The Ministry of Economics (Ekonomidepartementet) was a ministry in Sweden established in 1976. The ministry dealt with long-term guidelines for economic policy, the principle orientation of financial and credit policy, international economic cooperation, statistics, questions regarding banking and insurance, the stock exchange and the monetary system. The ministry was headed by the minister of economics. The ministry ceased to exist in 1982.

==History==
The ministry was established after the 1976 Swedish general election when the Ministry of Finance was divided into the Ministry of Economics and the Ministry of the Budget. The division officially took place on 25 November 1976 following a government decision on 11 November. Most of the old Ministry of Finance's approximately 9,000 cases a year were taken care of by the Ministry of the Budget, e.g. the taxes, the budget and salary issues. The Ministry of Economics would primarily work with general guidelines for economic policy and the principled direction of fiscal and credit policy measures. The ministry had to take over the AP fund (AP-fonden) and the other credit and fund systems as well as the monetary system, statistics and international economic cooperation. It would also handle the application of the Share Funds Act (Aktiefondslagen), the Act on Simplified Share Handling (Lagen om förenklad aktiehantering) and the Act on Registration of Shareholdings (Lagen om registrering av aktieinnehav). The ministry would also propose changes to the law for currency regulation. The Ministry of Economics took over the following companies from the Ministry of Finance: Företagskapital AB, Företagskredit AB, AB Industrikredit, Lantbruksnärningarnas sekundarkredit AB, PK-Banken and Värdepapperscentralen VPC AB.

The ministry was headed by the minister of economics. In addition, there was a state secretary, a director general for administrative affairs/legal affairs (expeditionschef/rättschef), a head of planning, a coordination office and a number of units: the Long-term Unit (Långsiktsenheten), the Short-term Unit (Kortsiktsenheten), the International Unit (Internationella enheten) and the Unit for Fiscal Policy (Enheten för finanspolitik). In 1981, the Working Group for Administrative Matters, Budget Matters, etc. (Arbetsgruppen för administrativa frågor, budgetärenden m. m.) and the Banking and Insurance Unit (Bank- och försäkringsenheten) were added. Other officials were a deputy director (kansliråd), a number of desk officers (departementssekreterare), division heads (byrådirektör), department directors, information secretaries, registrars and officials with special assignments.

The ministry was abolished after the 1982 Swedish general election and the Ministry of Finance was re-established by Palme's Second Cabinet on 1 January 1983.
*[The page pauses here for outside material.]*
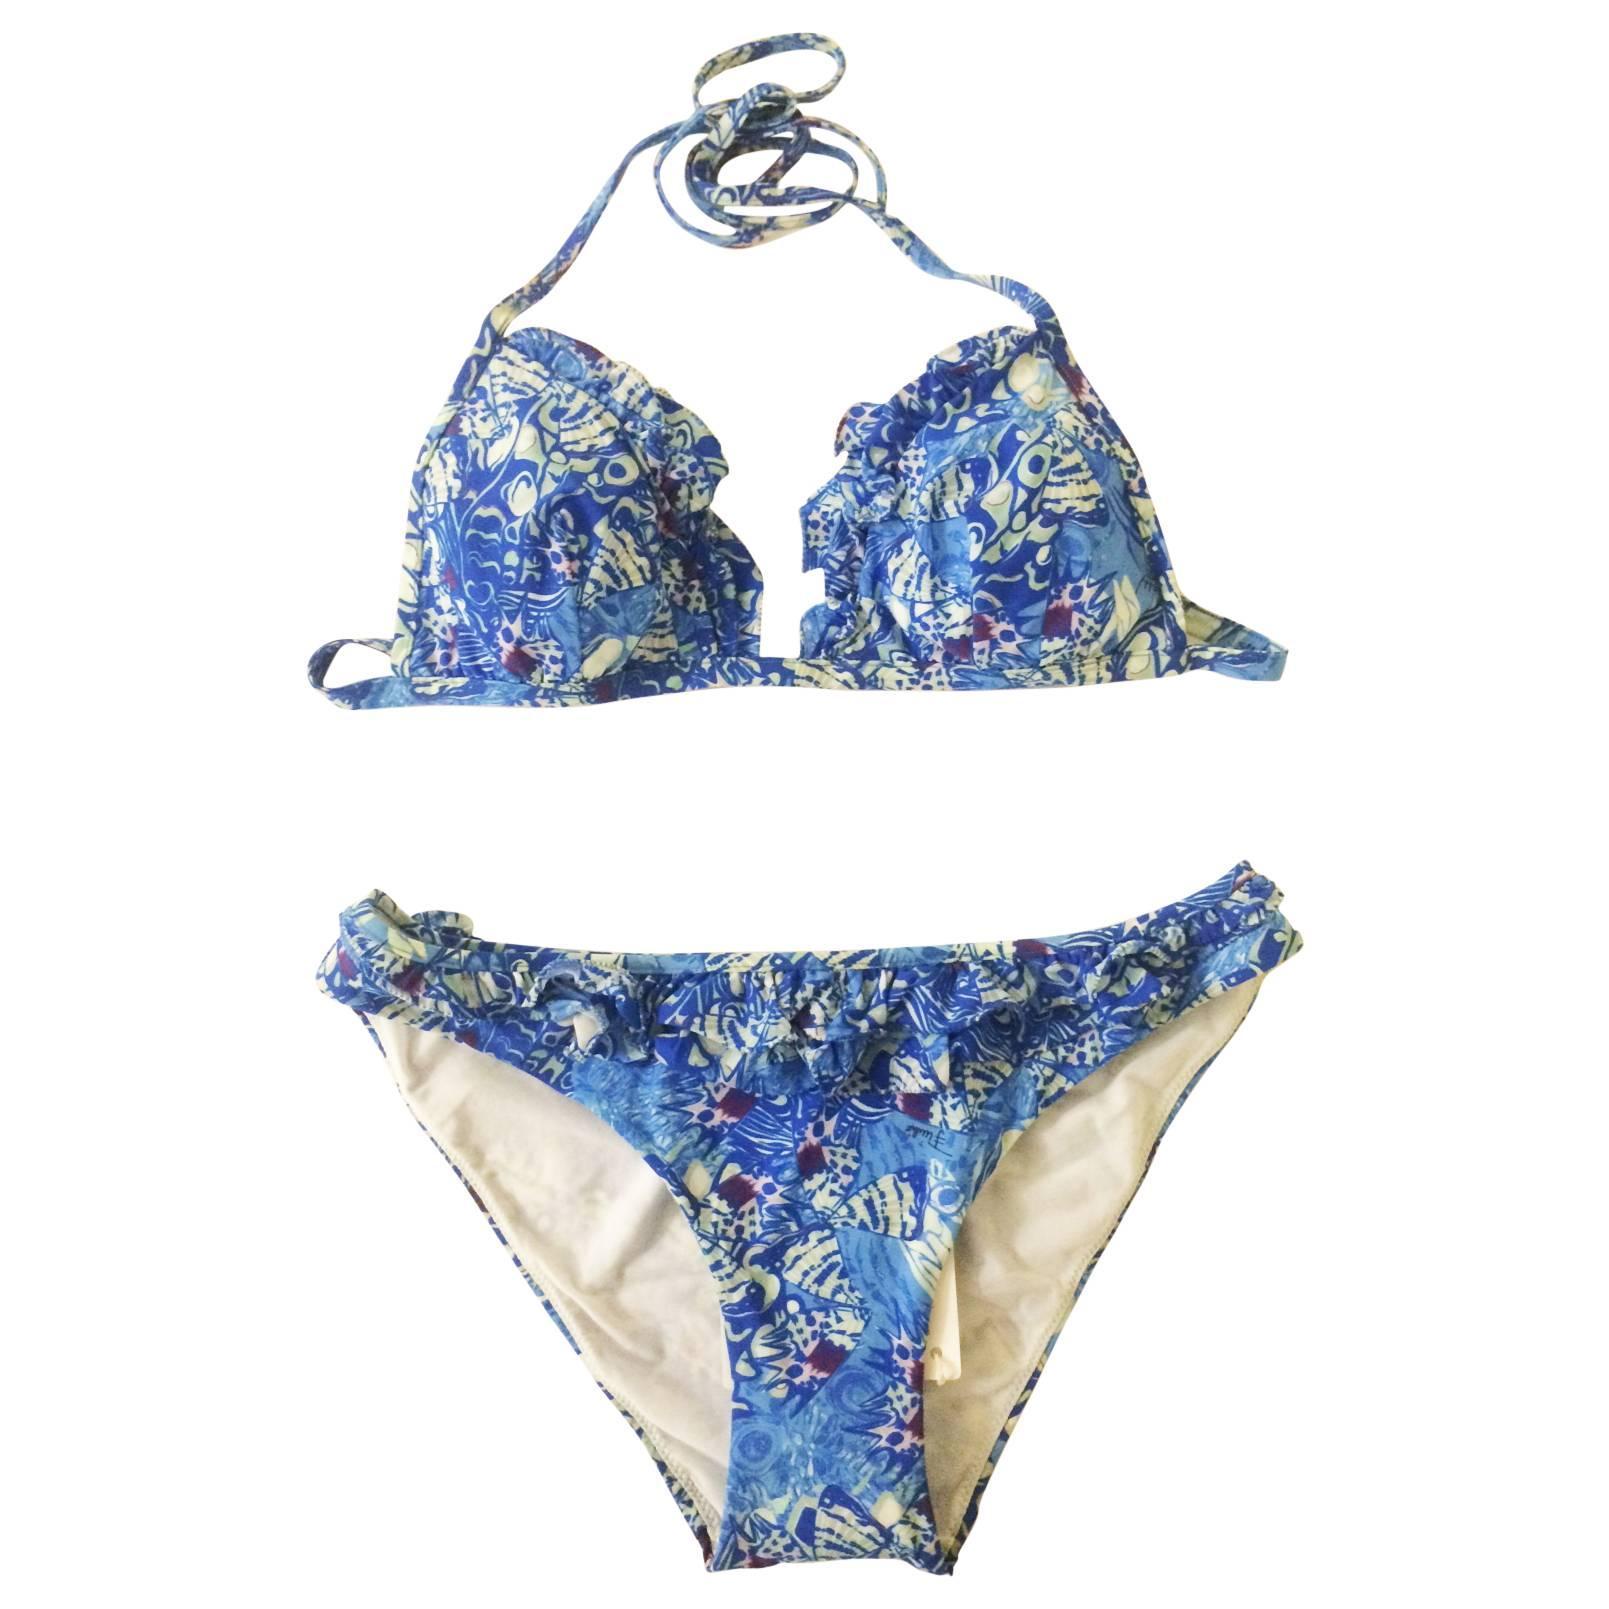 Emilio Pucci Blue Butterfly Wing Print Bikini Swim Suit with Ruffle Trim

==Central boards and agencies==
The following central administrative boards and agencies belonged to the Ministry of Economics: the Royal Swedish Mint (Myntverket), Statistics Sweden, the Index Board (Indexnämnden), the Bank Inspection Board (Bankinspektionen), the National Swedish Private Insurance Inspectorate (Försäkringsinspektionen), the National Institute of Economic Research, the Economic Planning Council (Ekonomiska planeringsrådet) and the Utredningsrådet. Later the Scientific Council of the Statistics Sweden (Statistiska centralbyråns vetenskapliga råd) was added. The following also belonged to the ministry: Stockholm Stock Exchange, the National Swedish Board on Reparations [for War Damages] (Statens krigsskadenämnd) and the National Swedish War Risks Insurance Office (Statens krigsförsäkringsnämnd).